*Task goal:*
Directions for the data below: repeat exactly the lines from the one with "Pro Cleaning KS, LLC" through the one with "Pcs titanium ti", both included, and omit all pictures.

*Data for the task:*
==================================================
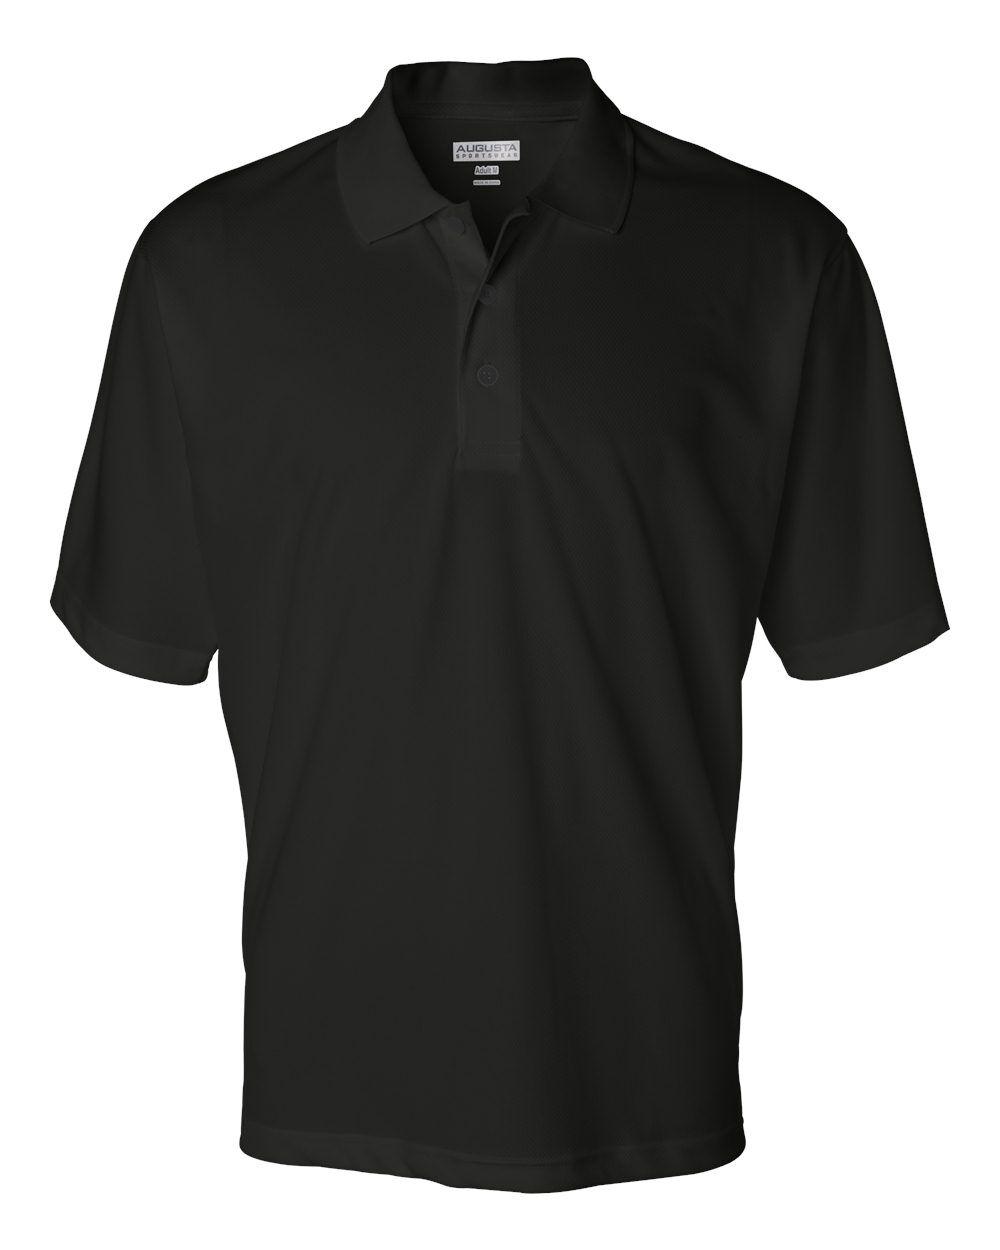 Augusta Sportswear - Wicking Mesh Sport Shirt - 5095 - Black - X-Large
==================================================
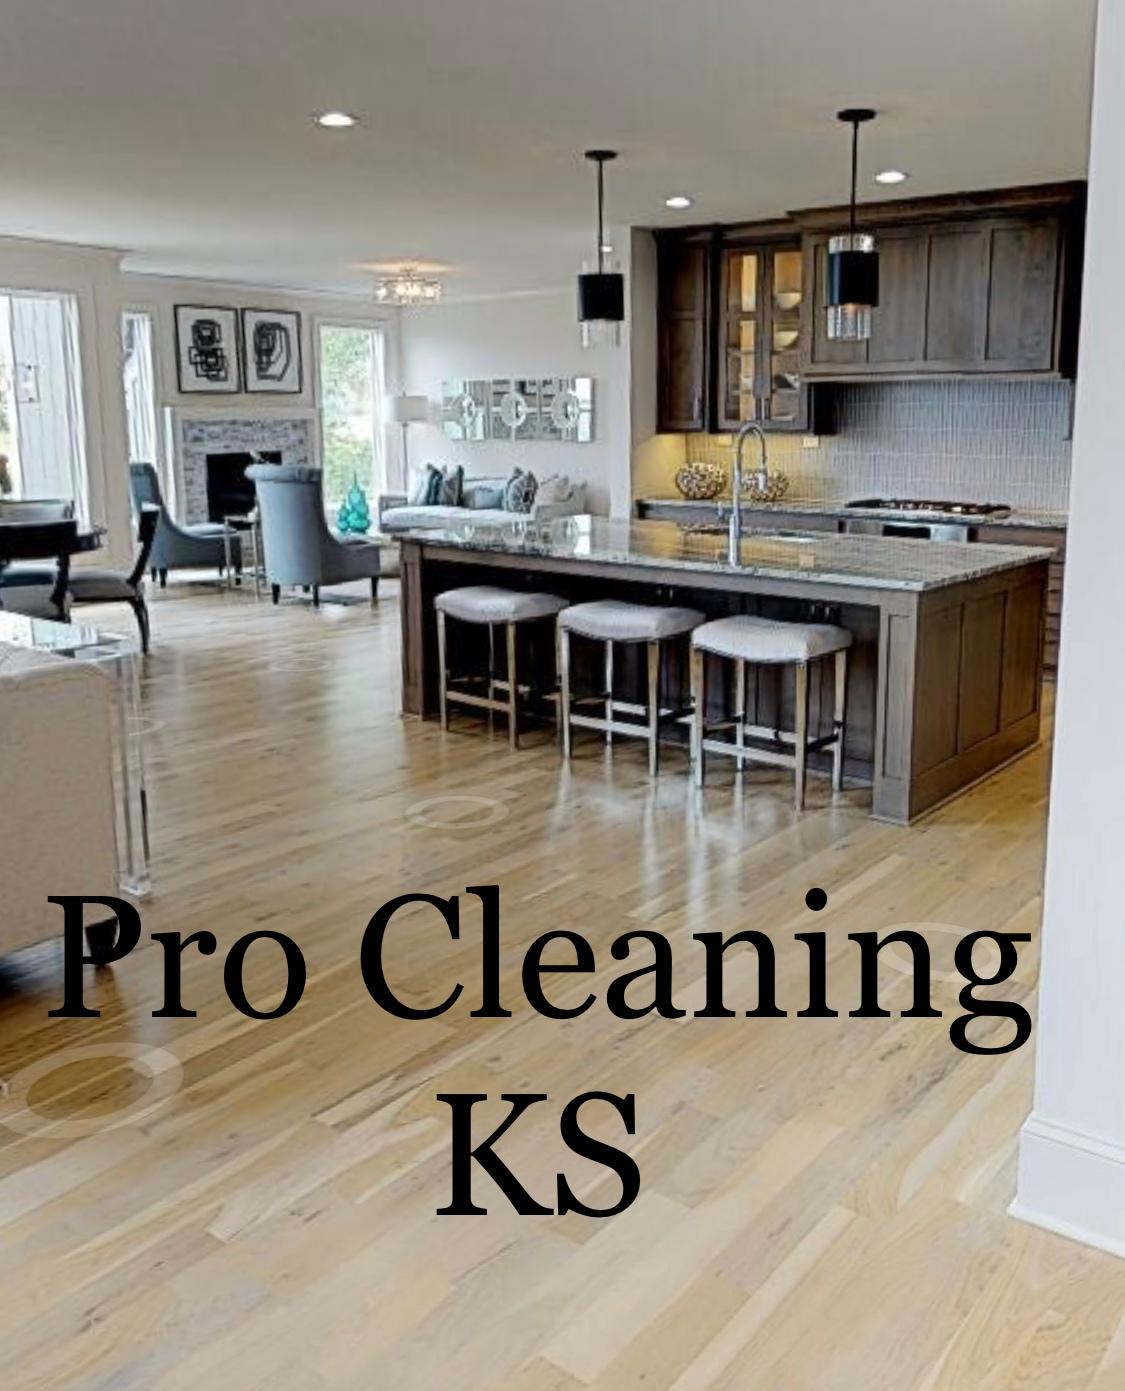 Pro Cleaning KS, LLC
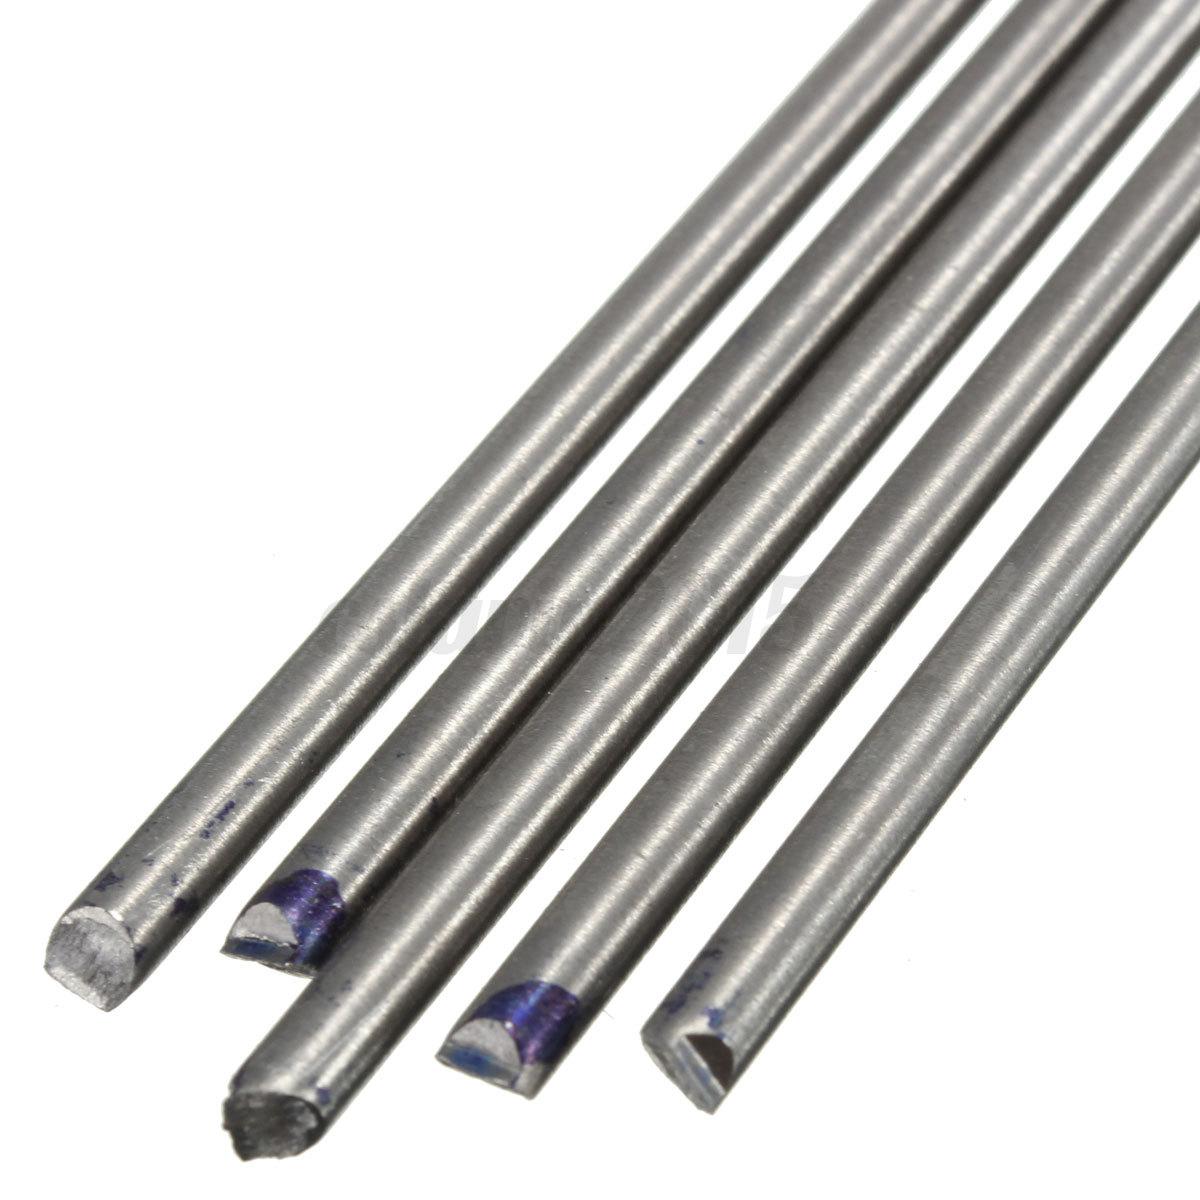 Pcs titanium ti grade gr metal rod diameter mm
==================================================
*Answer section:*
 Pro Cleaning KS, LLC
 Pcs titanium ti grade gr metal rod diameter mm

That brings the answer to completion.